→ COLLECTED DATA:
● ● ● ● ●
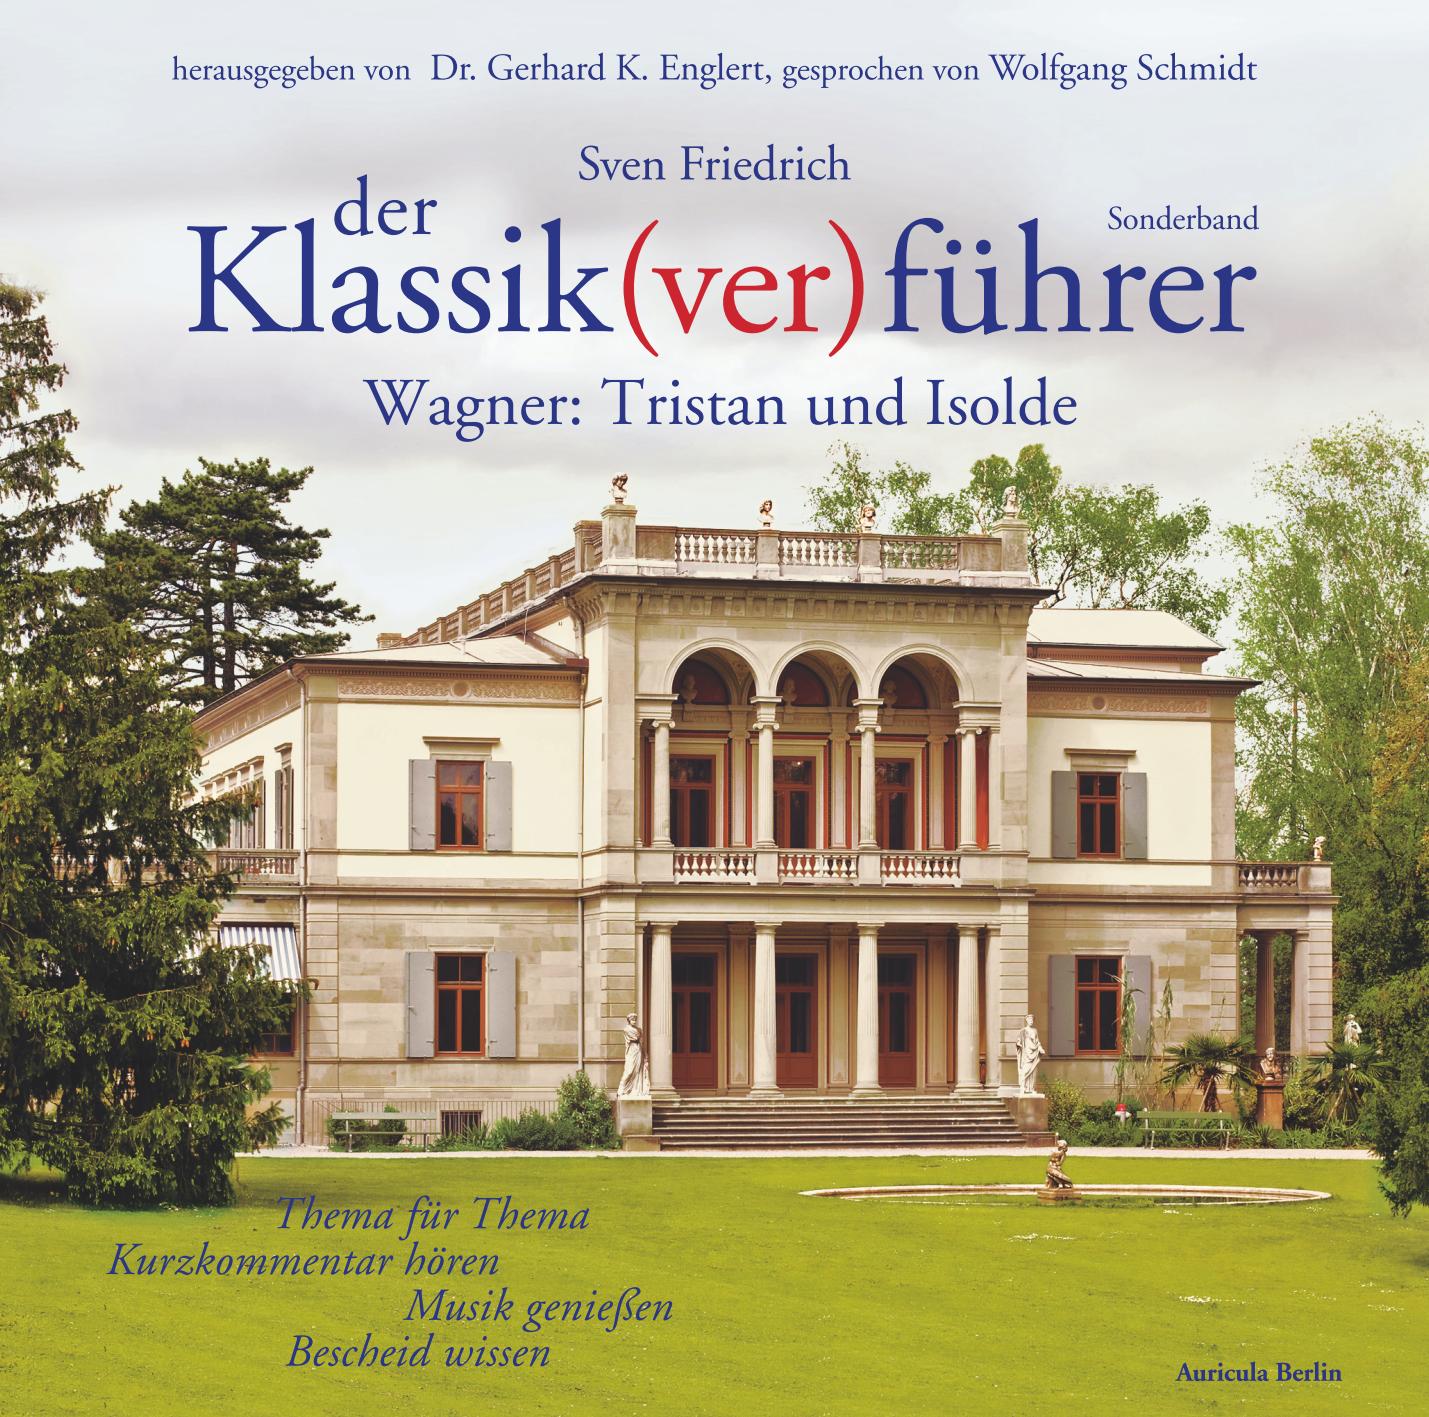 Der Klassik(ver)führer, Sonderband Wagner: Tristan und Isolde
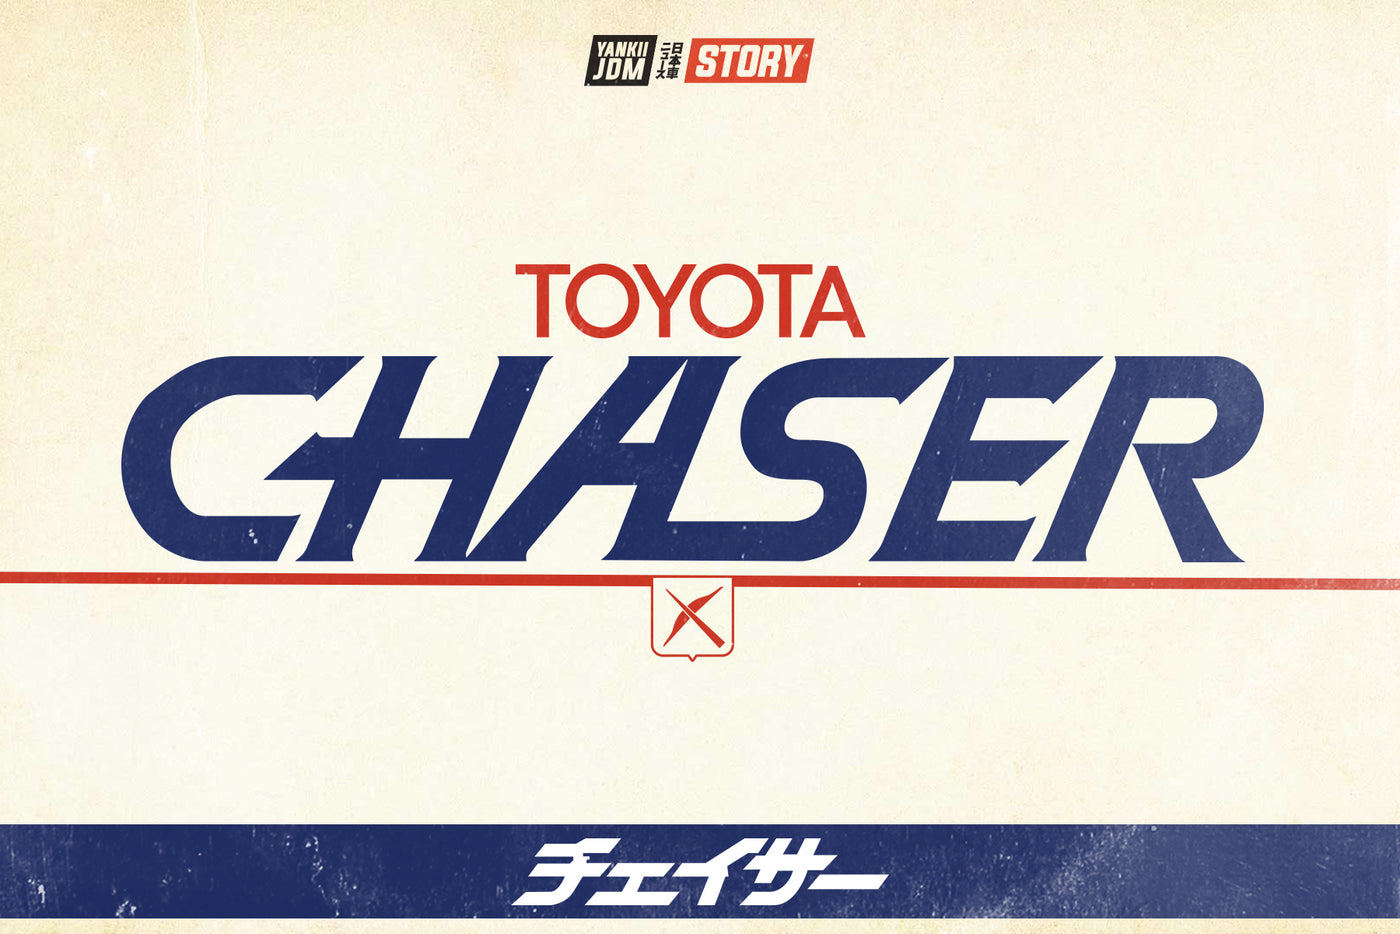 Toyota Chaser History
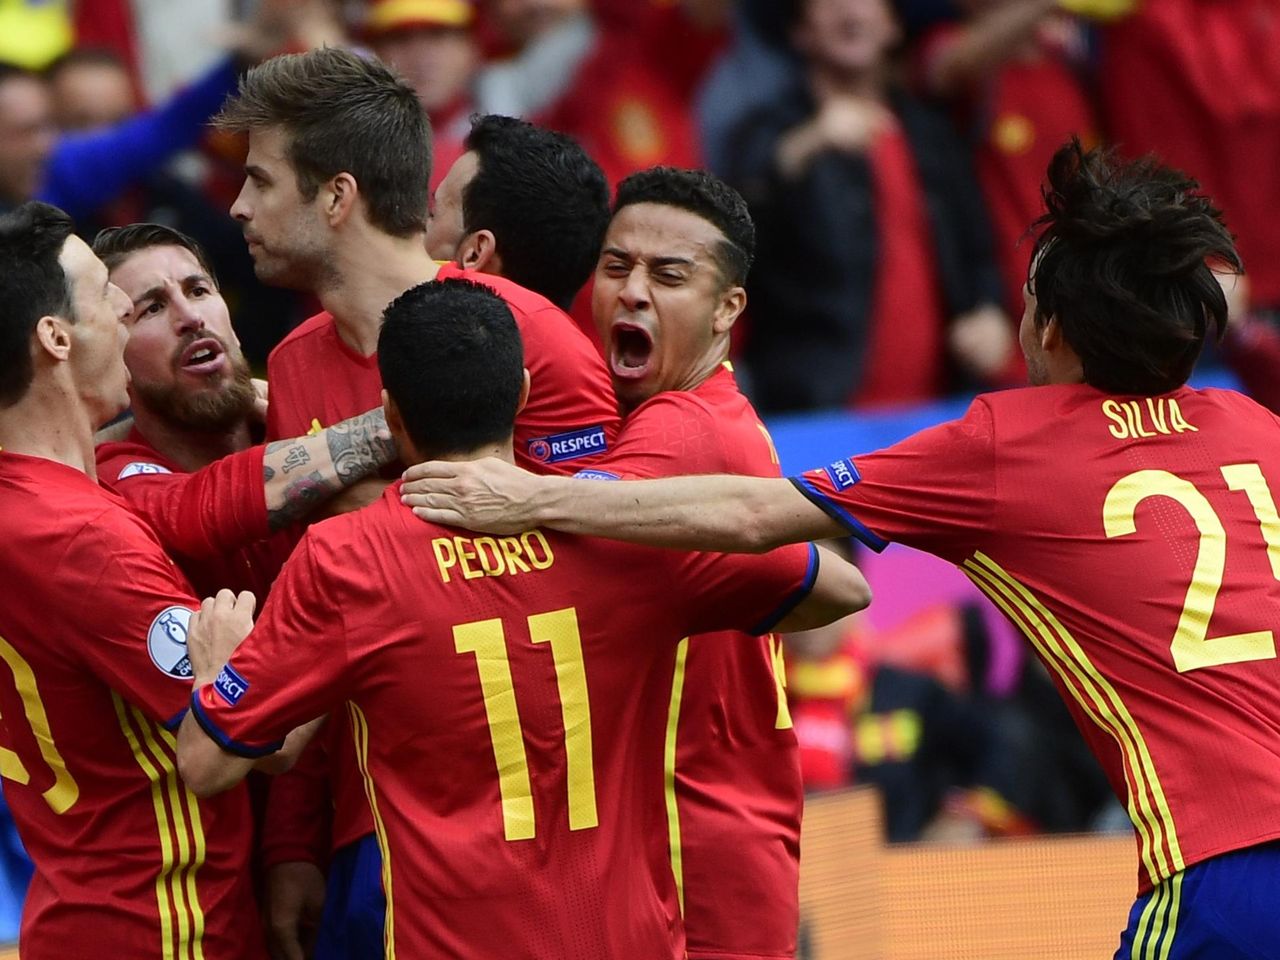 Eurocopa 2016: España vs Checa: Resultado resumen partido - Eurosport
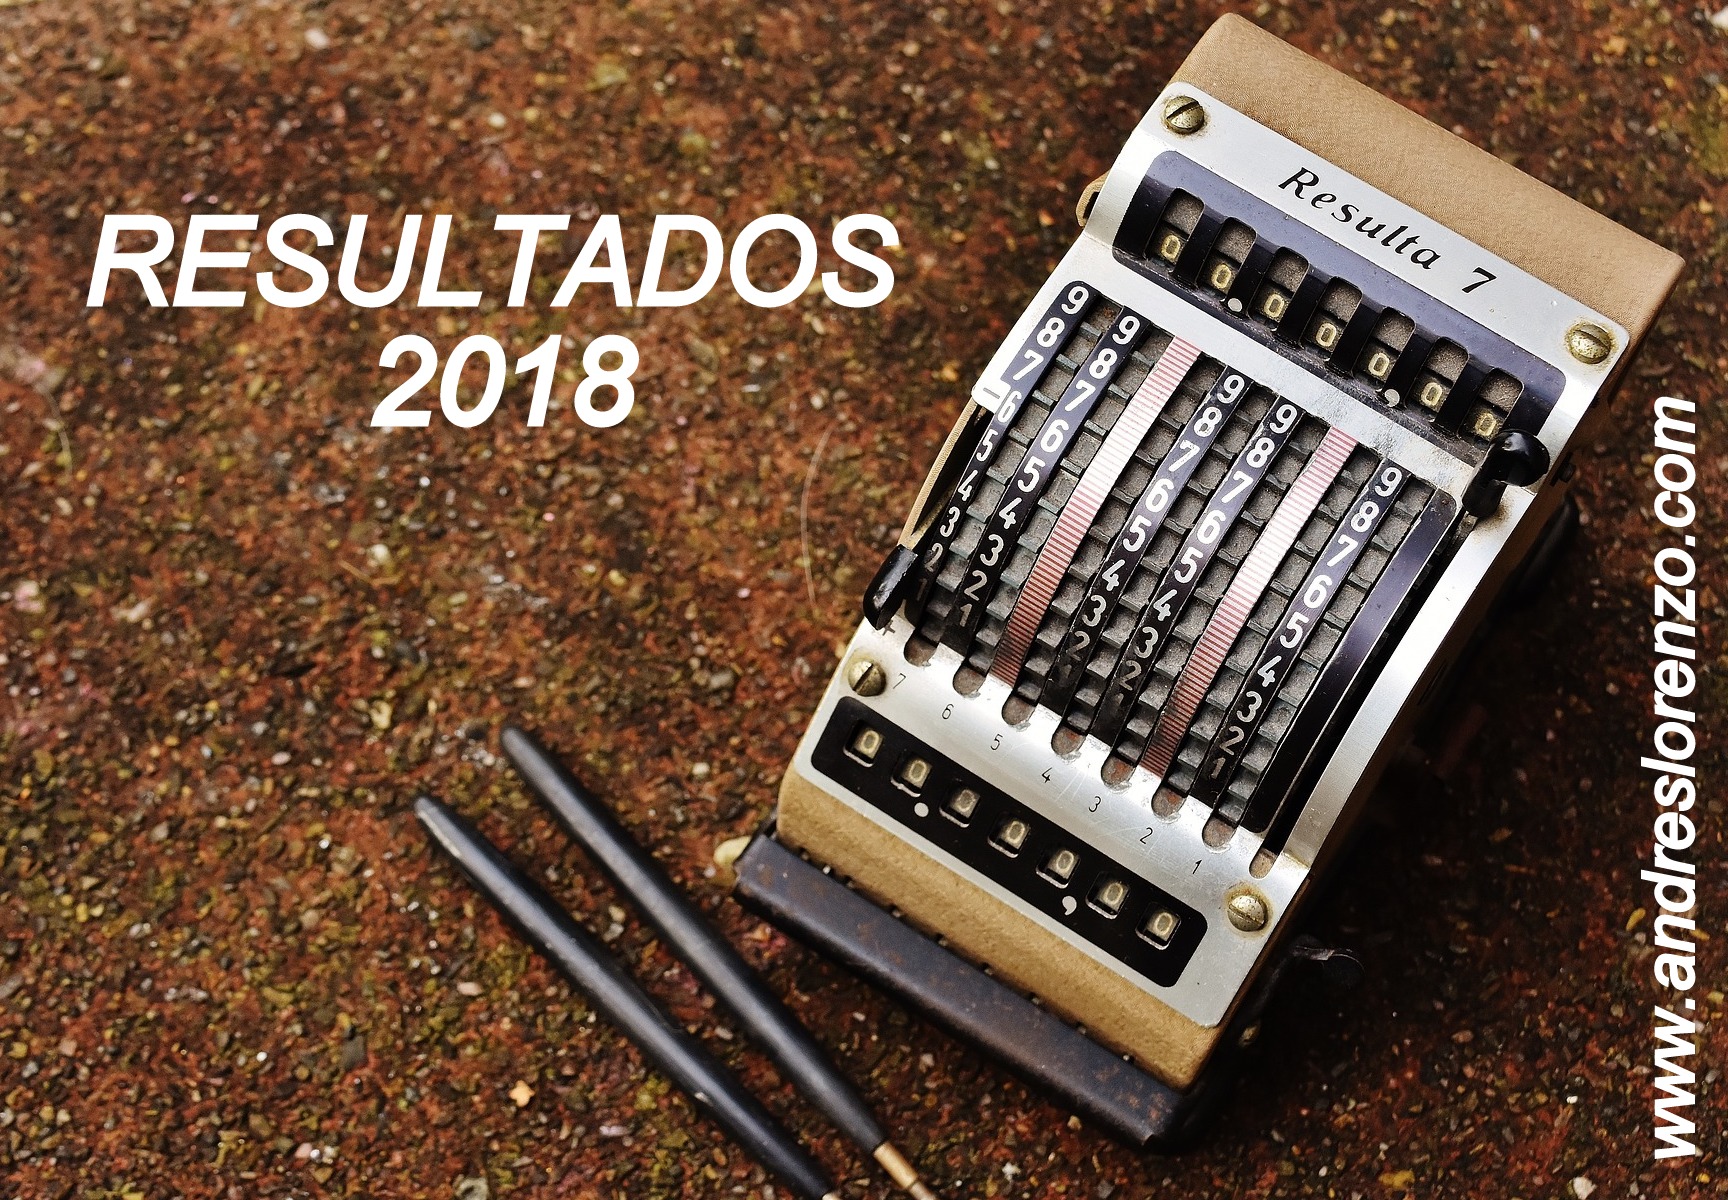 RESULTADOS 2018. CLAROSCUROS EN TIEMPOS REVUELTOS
● ● ● ● ●
→ EXERCISE INSTRUCTIONS:
Leave every picture out and print exactly the lines from the one that contains "Toyota Chaser History" through the last line of the material above.

→ EXPECTED OUTPUT:
 Toyota Chaser History
 Eurocopa 2016: España vs Checa: Resultado resumen partido - Eurosport
 RESULTADOS 2018. CLAROSCUROS EN TIEMPOS REVUELTOS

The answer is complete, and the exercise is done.